---------- Working data ----------

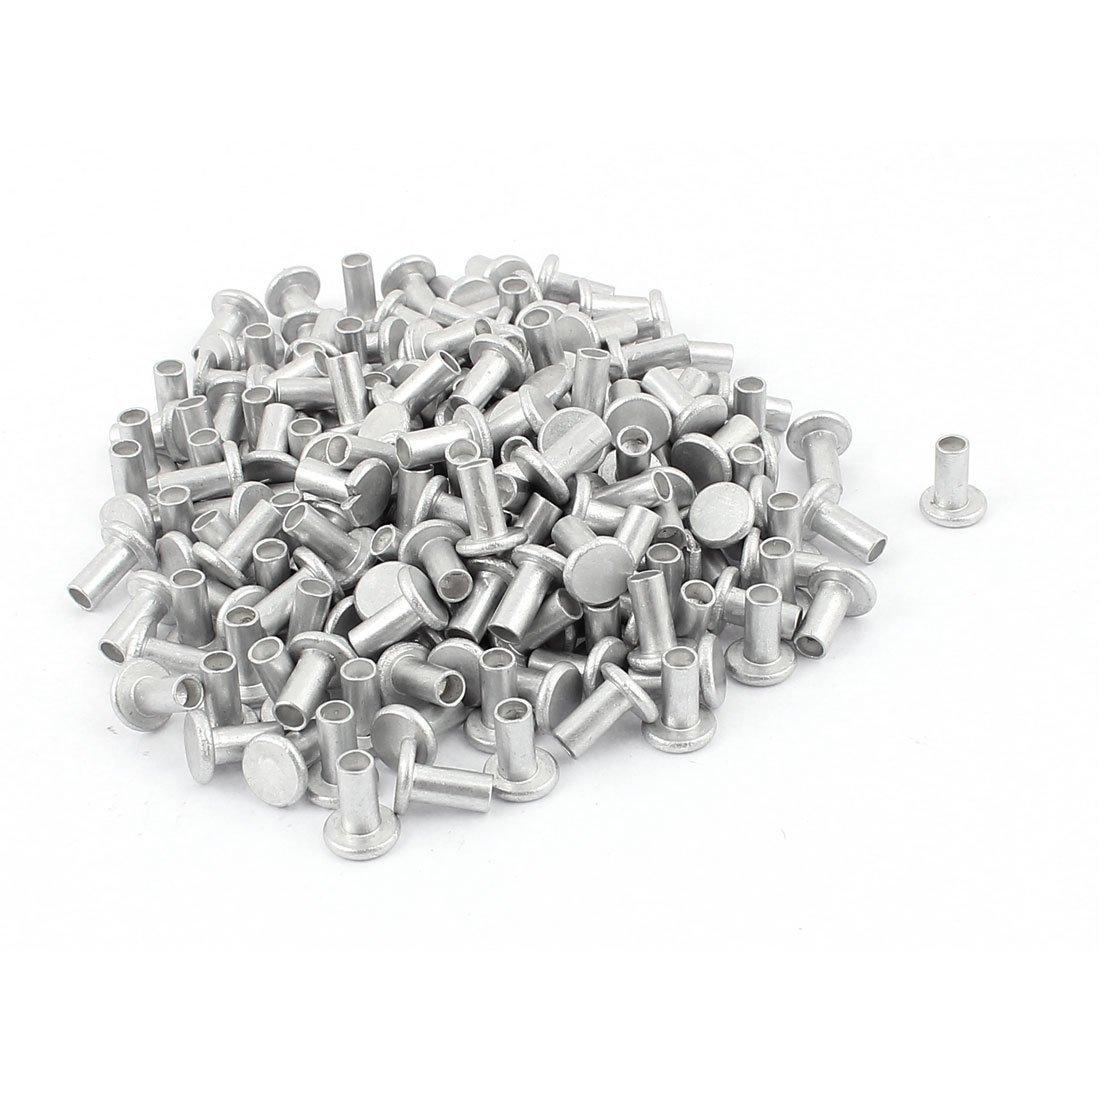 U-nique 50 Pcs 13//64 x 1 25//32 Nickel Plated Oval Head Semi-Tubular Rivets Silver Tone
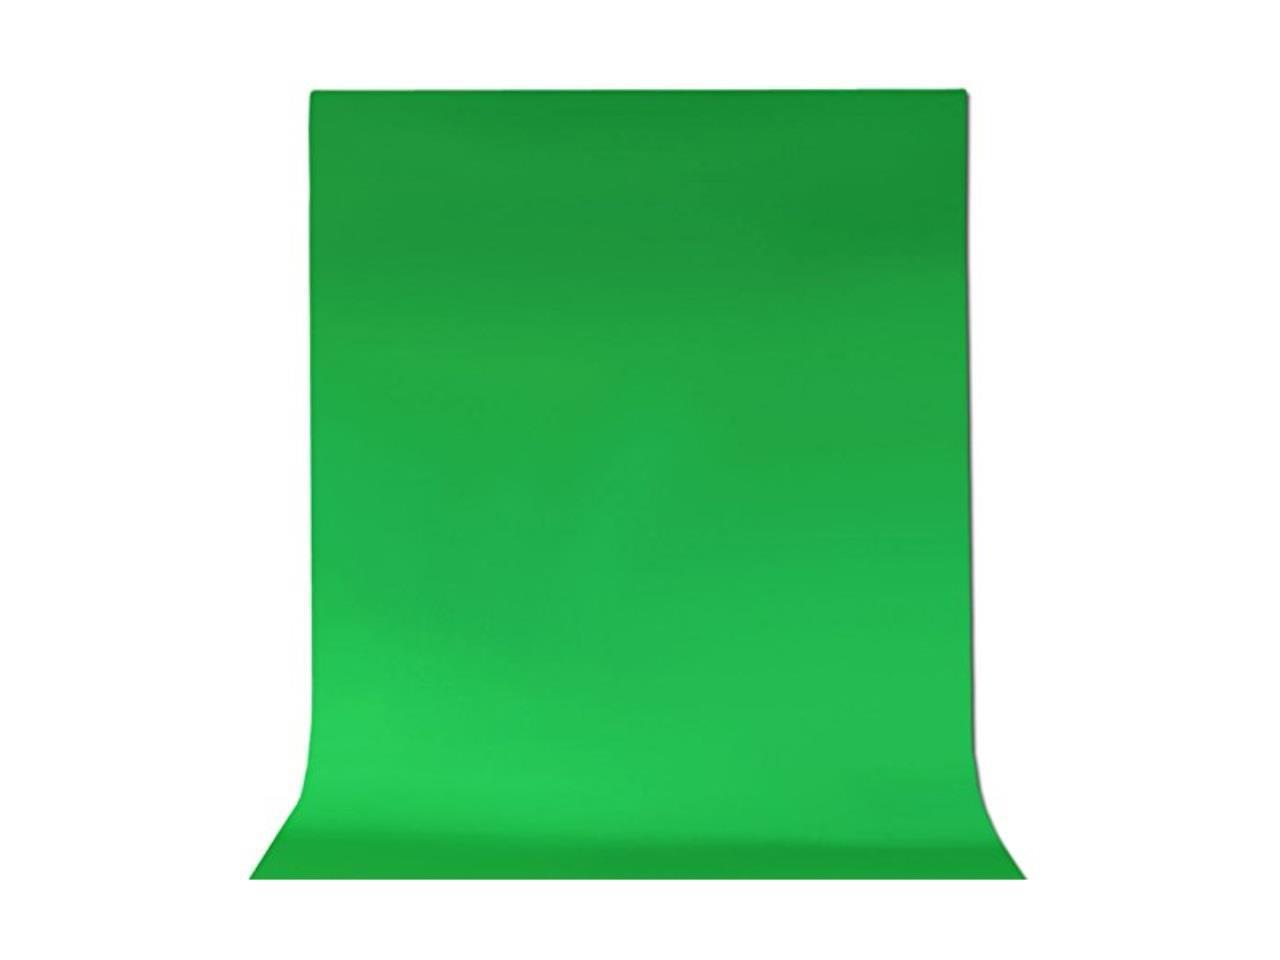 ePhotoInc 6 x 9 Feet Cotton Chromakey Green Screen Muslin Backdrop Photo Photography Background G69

----------
---------- Working data ----------

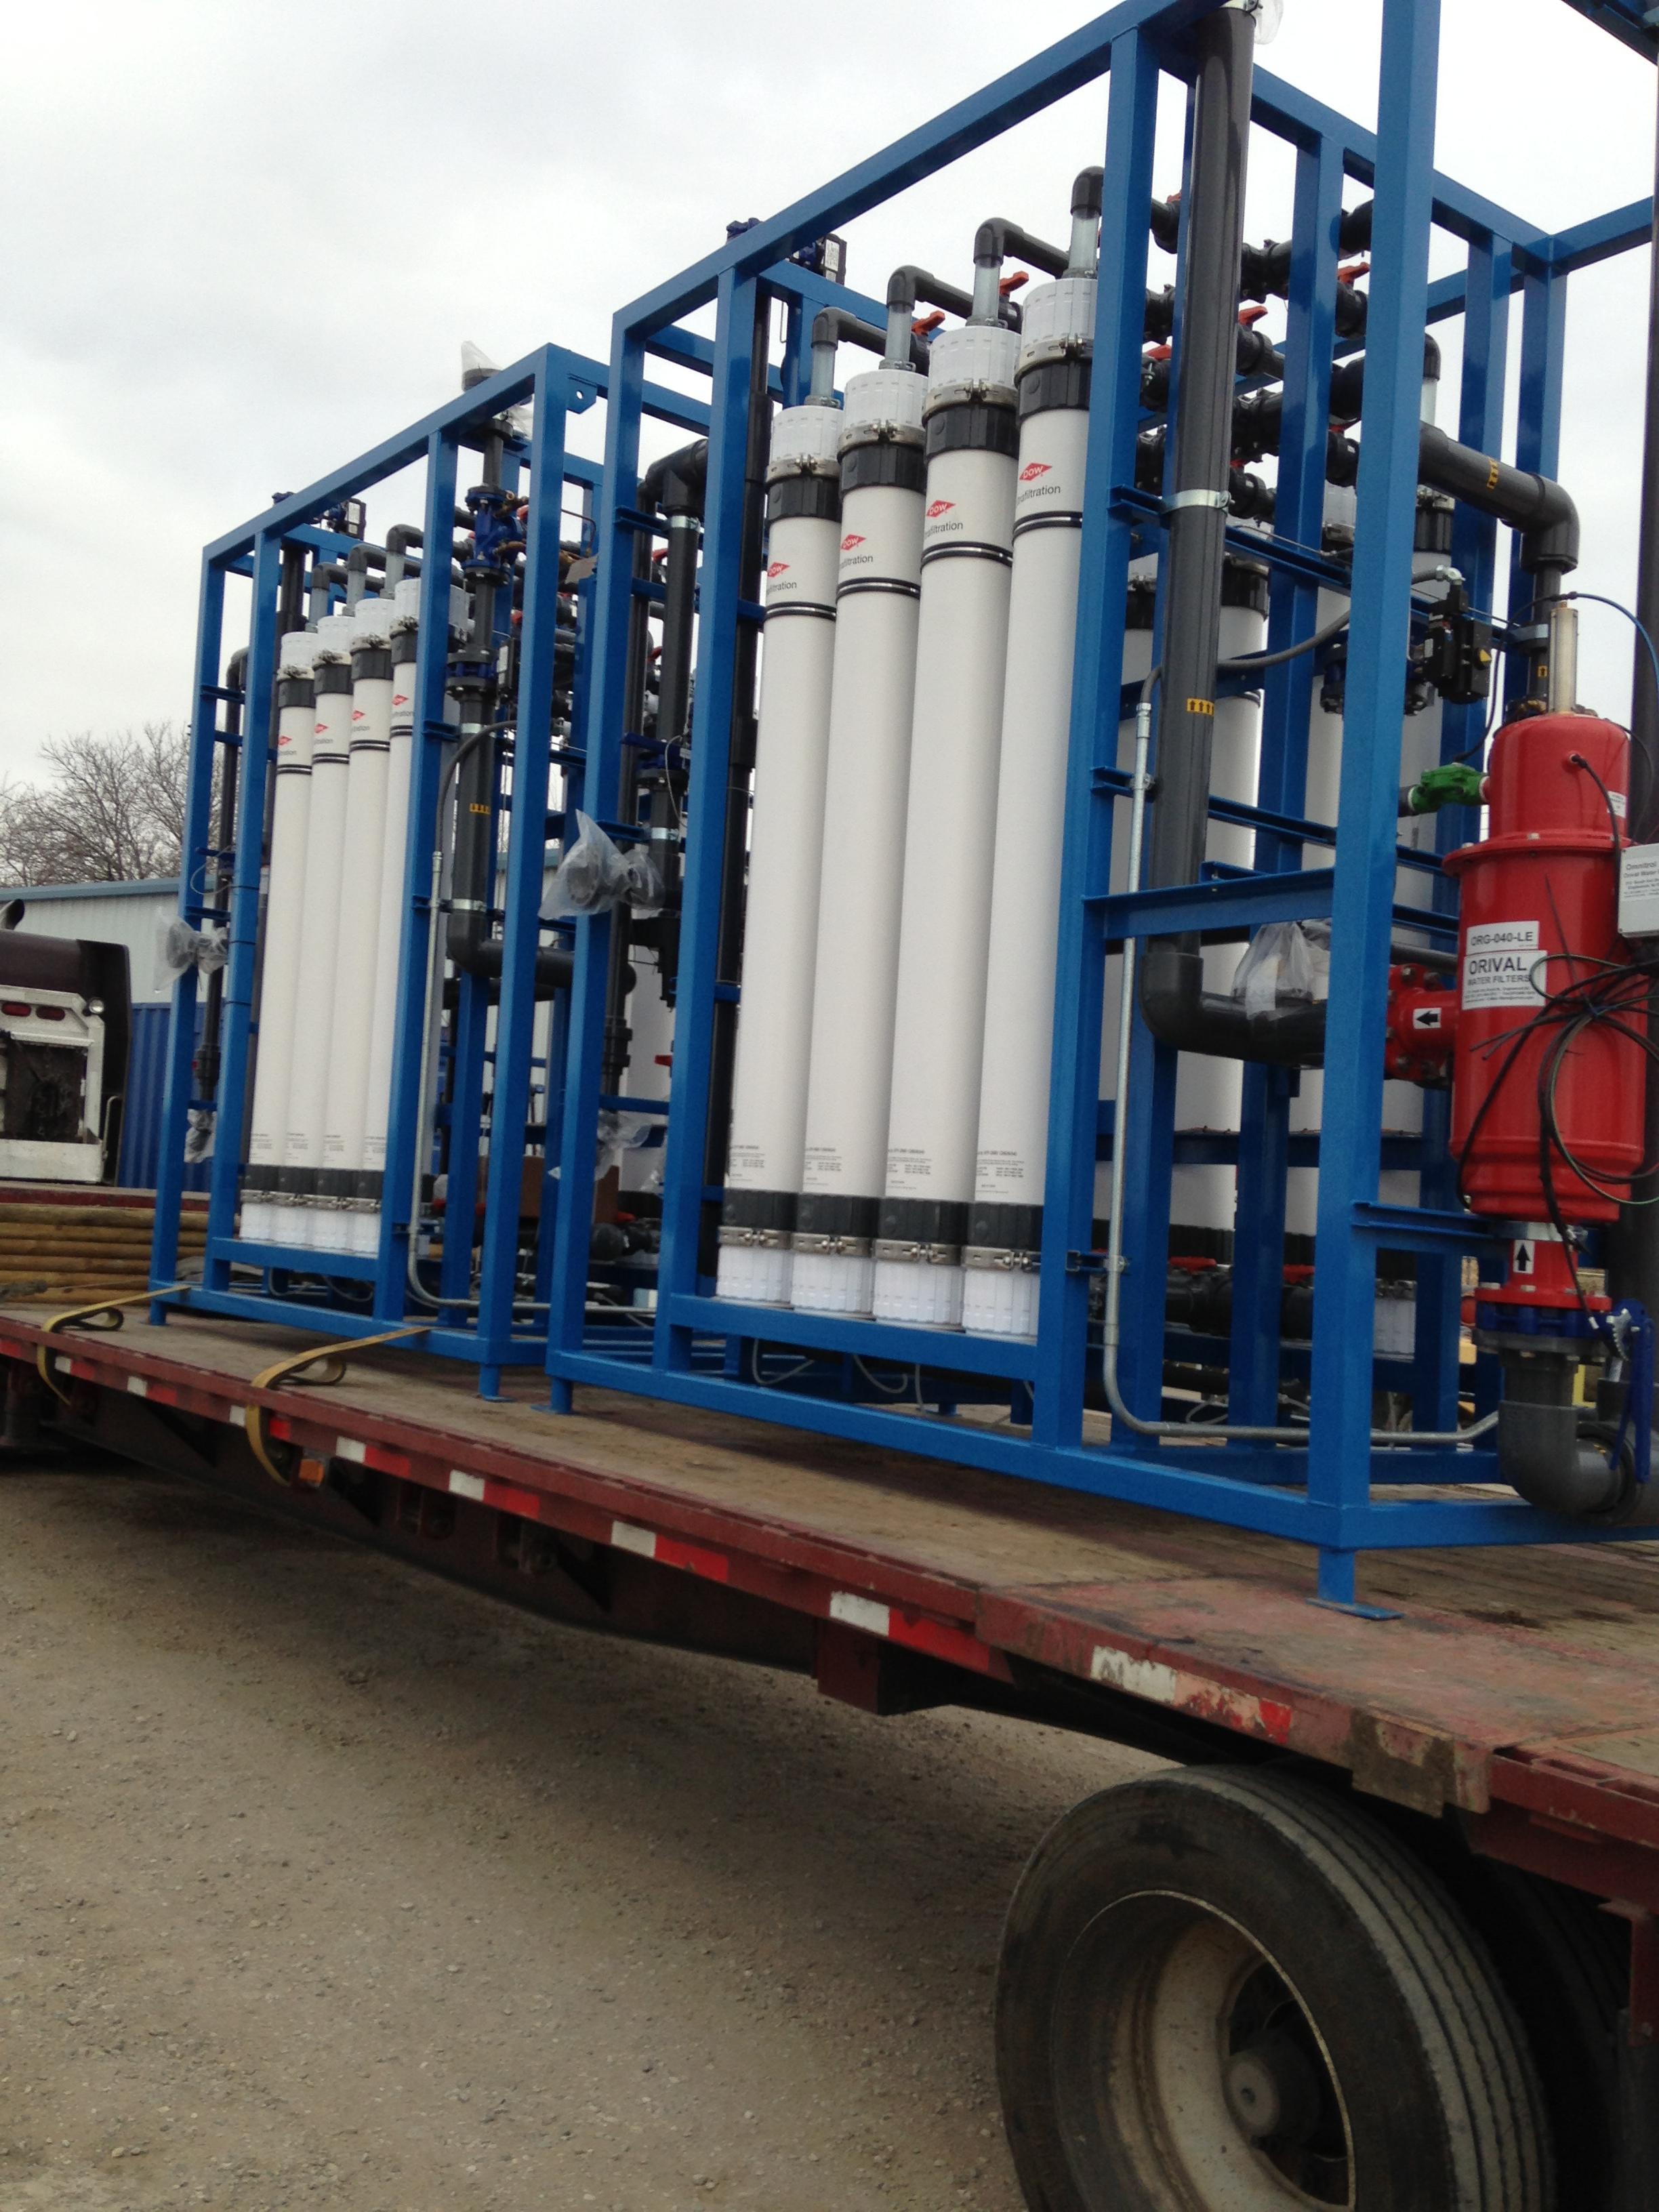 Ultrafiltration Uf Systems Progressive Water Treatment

----------

Directions for this task:
Above are entries with pictures among them. Write out exactly the lines from the one containing "U-nique 50 Pcs" through the one containing "ePhotoInc 6 x", ends included, and leave those pictures out.

Answer space:
 U-nique 50 Pcs 13//64 x 1 25//32 Nickel Plated Oval Head Semi-Tubular Rivets Silver Tone
 ePhotoInc 6 x 9 Feet Cotton Chromakey Green Screen Muslin Backdrop Photo Photography Background G69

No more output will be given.